12 Jun 2016
The wisdom of the ages
Story #1:
There was an old Indian Chief who once commissioned a group of young men in his tribe for a major project. The Chief understood the value of documenting the lessons of the past, for the benefit of future generations in the tribe. So he set the group out to gather, compile and document and the history of their people. And after years of work, they presented to the Chief a pile of documents in 20 large binders, each as big as War and Peace. The Chief was proud of what the men had accomplished, and thanked them for their work.

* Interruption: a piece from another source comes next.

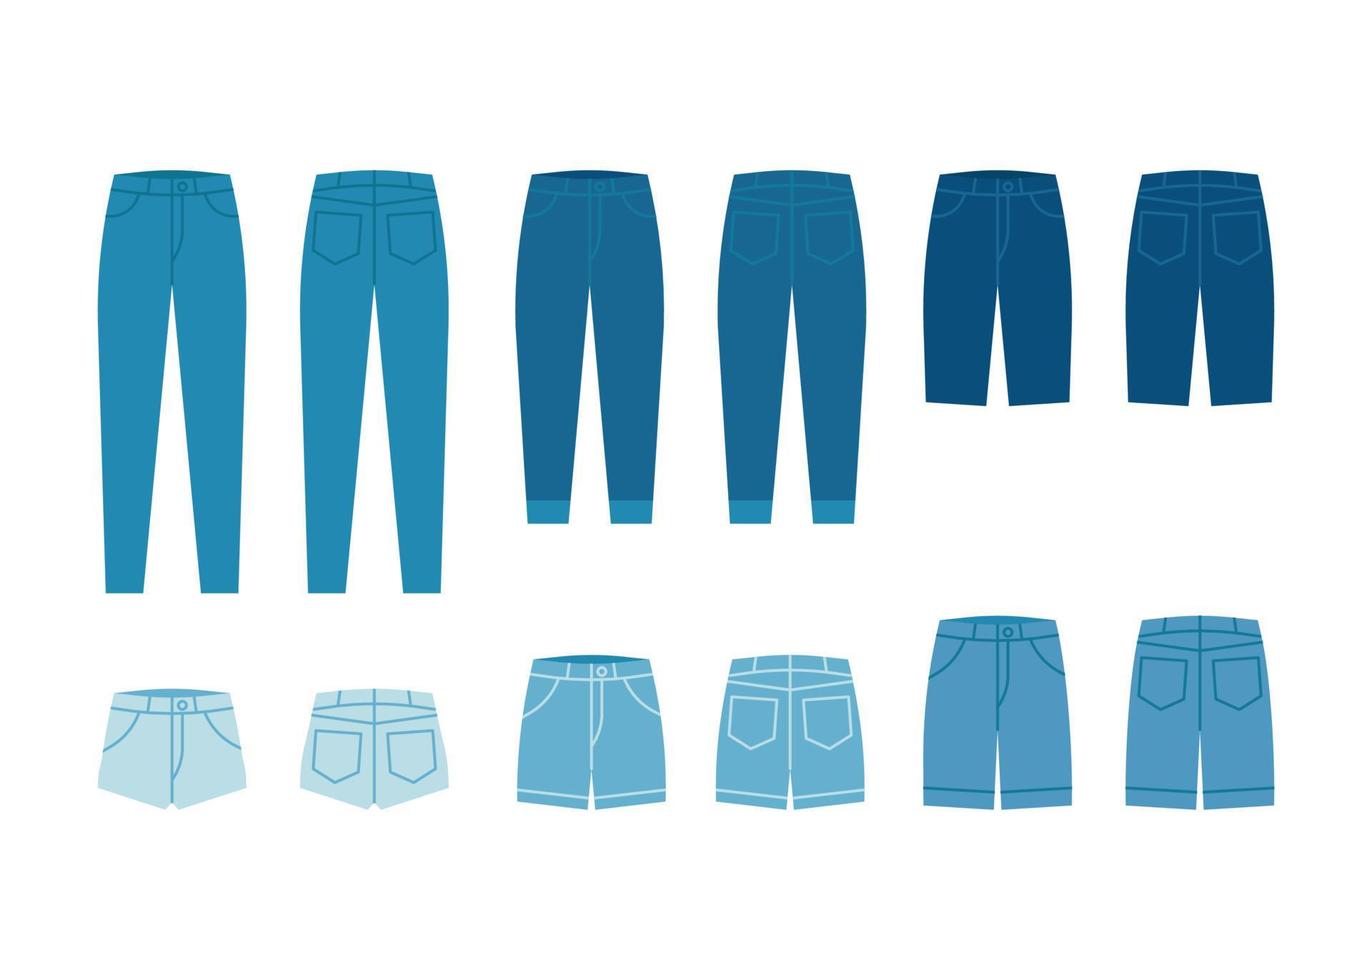 Jeanshosen und Shorts, blaue Jeanshosen mit Taschen. Stoffhosenmodell mit Vorder- und Rückansicht. flache Vektorgrafik vektor

“But,” he added solemnly, “there will be few who read this in its entirety before they grow old. My people are required to do much. Therefore, go and reduce this information to something more reasonable.” The group was a little disappointed, but removed the 20 document sets and set about reducing the content.
A few weeks later, they returned to the Chief with a single binder of documents as big as War and Peace. The Chief was pleased and thanked the group again, but stated it was still too big. “I want something that can be read by everyone in a reasonable amount of time.” The group left again, and a few days later, returned with only a few sheets containing the history in a much smaller binder. The Chief was very happy and thanked the group again. But as they were leaving he said, “Now wait! I need you to summarize all of this in one sentence, which I will use as the title for this book of history.”
The group just looked at each other, with a smirk, as if each knew what the other was thinking. Then the leader wrote down the sentence they would use for a title, and handed it to the chief. It said: “There ain’t no free lunch.”
Story #2
A pastor in modern day America was looking for a way to help people to read the Bible, and understand the history it contained. He gathered a group of believers in his congregation to take the content of the Bible and reduce it to a smaller version. In much the same way as the Indian chief sent his group back a few times to continually reduce the volume it had, the pastor did the same.
Once the group finally had the Bible down to a size the pastor felt was appropriate, he also had them create a single sentence to summarize its history. The sentence they came up with was: Has your way really worked?